The reptilian inspired Pleurobot can walk, crawl, and even swim underwater

New robots offer hope for paraplegics and rescue operations

A robot that mimics the way salamanders walk and swim could become a useful tool in developing neuroprosthetic devices for paraplegic patients and amputees.

The robot - dubbed ‘Pleurobot’ - is based on X-ray videos of salamanders in motion and was developed by a team at Ecole Polytechnique Fédérale de Lausanne in Switzerland.

The robot features 3D-printed bones, motorized joints and electronic circuitry as its ‘nervous system’.

Inspired by the salamander species Pleurodeles waltl, ‘Pleurobot’ can walk, crawl, and even swim underwater.

Although the team has built salamander robots before, this is the first time they have built a robot that is accurately based on the 3D motion of the animal’s skeleton.

X-ray videos of a salamander from the top and the side were used, tracking up to 64 points along its skeleton while it performed different types of motion in water and on the ground.

"What is new is really our approach to building Pleurobot," said Auke Ijspeert who led the team. "It involves striking a balance between designing a simplified bone structure and replicating the salamander's gait in three dimensions."

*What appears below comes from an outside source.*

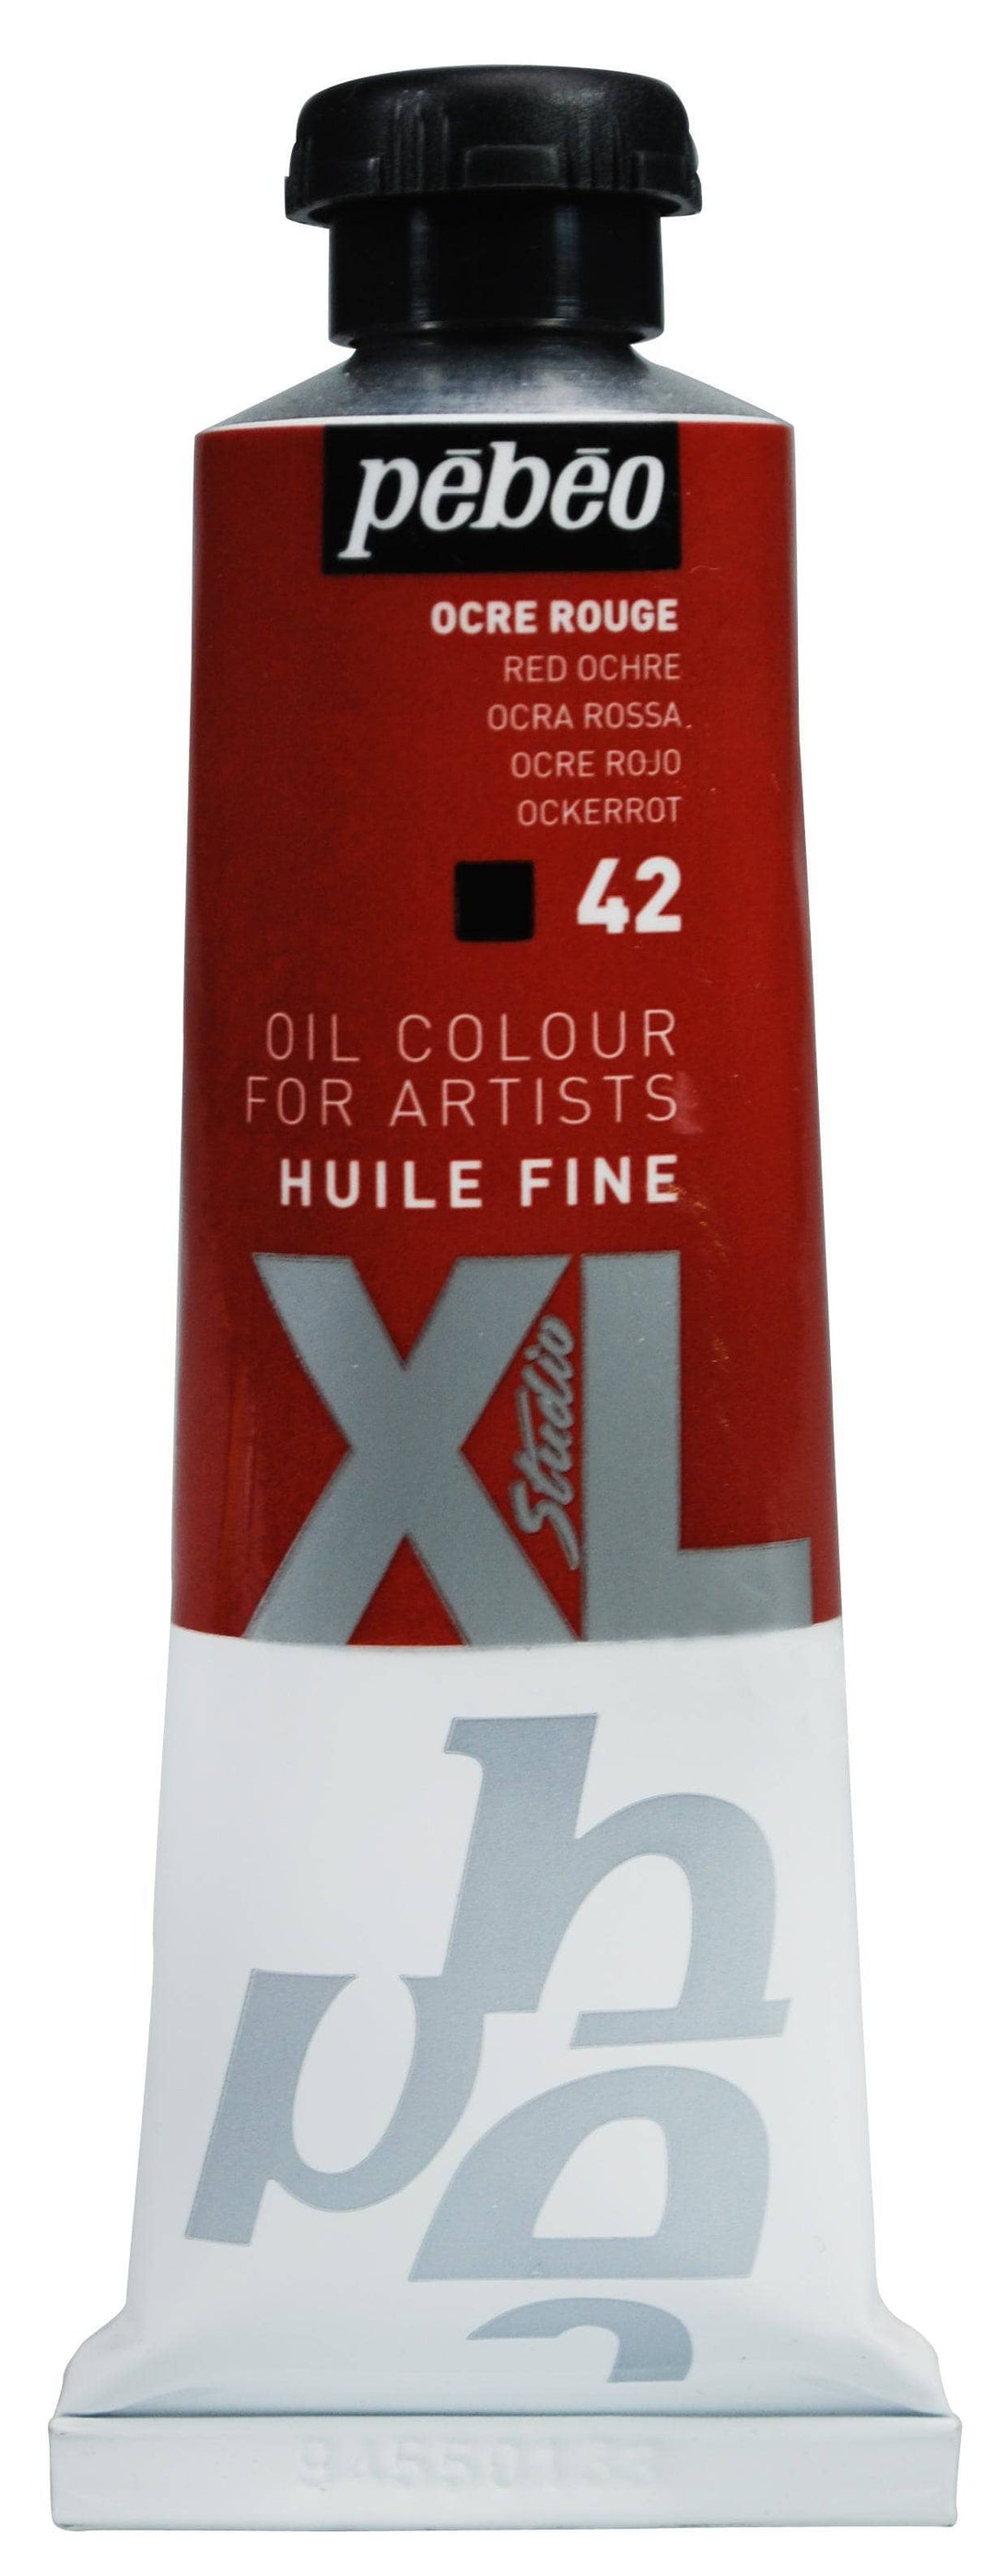 Huile fine Studio XL 37ml - Ocre Rouge
PB937042

Pleurobot was designed with fewer bones and joints than the real-life creature and features only 27 motors and 11 segments along its spine in contrast to the amphibian’s 40 vertebrae and multiple joints, some of which can even rotate freely and move side-to-side or up and down.

In the design process, the researchers identified the minimum number of motorized segments required, as well as the optimal placement along the robot’s body. As a result, it could replicate many of the salamander’s types of movement.

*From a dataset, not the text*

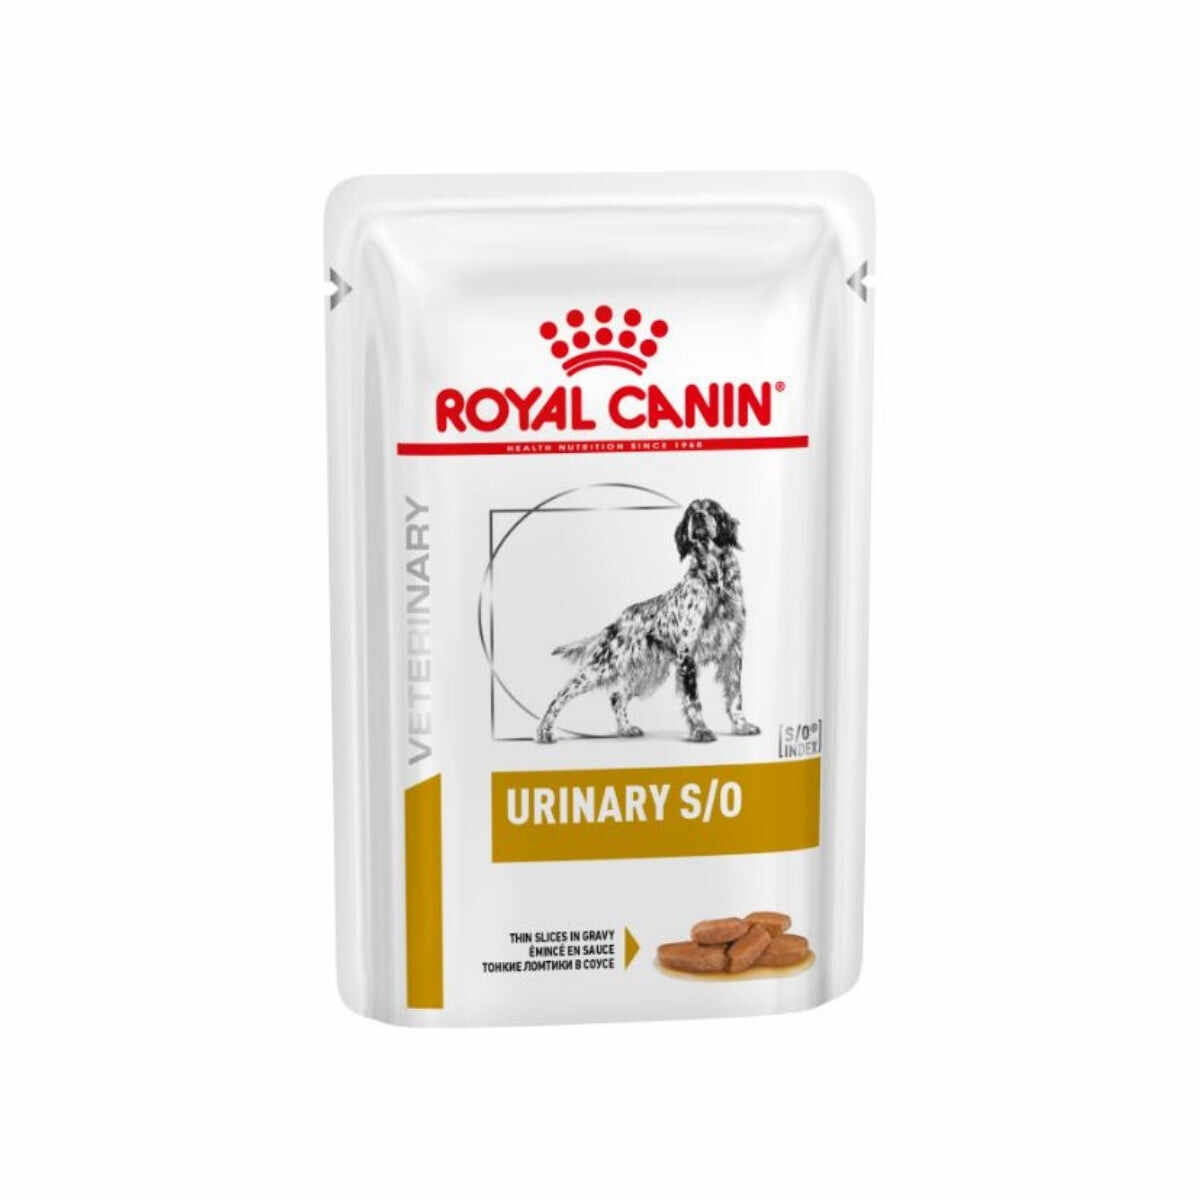 Royal Canin - Canine Urinary S/O Pouch 100g

"Animal locomotion is an inherently complex process," said Kostas Karakasilliotis who designed the first versions of the Pleurobot. "Modern tools like cineradiography, 3D printing and fast computing help us draw closer and closer to understanding and replicating it."

Vertebrate locomotion is a sophisticated interplay between the spinal cord, the body and the environment. It is the spinal cord that controls motion, not the brain, so mimicking the salamander's movement gives insight into how the spinal cord works and how it interacts with the body.

A robot that so closely mimics the biomechanical properties of the body can become a useful scientific tool to investigate these interactions.

Neurobiologists have shown that electrical stimulation of the spinal cord is what determines whether the salamander walks, crawls or swims.

At the lowest level of stimulation, the salamander walks; with higher stimulation, its pace increases, and beyond some threshold the salamander begins to swim. Pleurobot is programmed to accurately mimic all of these functions.

Ijspeert believes that understanding the fundamentals of this interplay between the spinal cord and the body's locomotion will help with the development of future therapies and neuroprosthetic devices for paraplegic patients and amputees. He also thinks that the design methodology used for the Pleurobot can help develop other types of “biorobots”, which will become important tools in neuroscience and biomechanics.

Meanwhile a small, squishy vehicle that is equipped with soft wheels in order to allow it to roll easily over rough terrain and run underwater has been demonstrated by its creators at Rutgers University

Future versions of the vehicle are being cited as suitable for search and rescue missions after disasters, as well as deep space and planet exploration, and manipulating objects during magnetic resonance imaging (MRI).

It features a soft motor that provides torque without bending or extending its housing.

"The introduction of a wheel and axle assembly in soft robotics should enable vast improvement in the manipulation and mobility of devices," said Aaron Mazzeo who worked on the project. "We would very much like to continue developing soft motors for future applications and develop the science to understand the requirements that improve their performance."

The soft, metal-free motors are touted as being suitable for harsh environments with electromagnetic fields, while being able to withstand strong impacts – it survived a fall eight times its height.

It is also capable of braking the motor and holding it in a fixed position without the need for extra power.

To create the vehicle, the Rutgers engineers used silicone rubber that is nearly one million times softer than aluminium.

"If you build a robot or vehicle with hard components, you have to have many sophisticated joints so the whole body can handle complex or rocky terrain," said Xiangyu Gong who also worked on the project. "For us, the whole design is very simple, but it works very well because the whole body is soft and can negotiate complex terrain."

The team predicts that future uses for the technology include amphibious vehicles that could traverse rugged lakebeds; search and rescue missions in extreme environments and varied terrains, such as irregular tunnels; shock-absorbing vehicles that could be used as landers equipped with parachutes; and elbow-like systems with limbs on either side.

"We think these robots also would be useful for working around children or animals and you could envision them being helpful in hospitals," Mazzeo said. "There are opportunities also for toys and for creating educational science or engineering kits."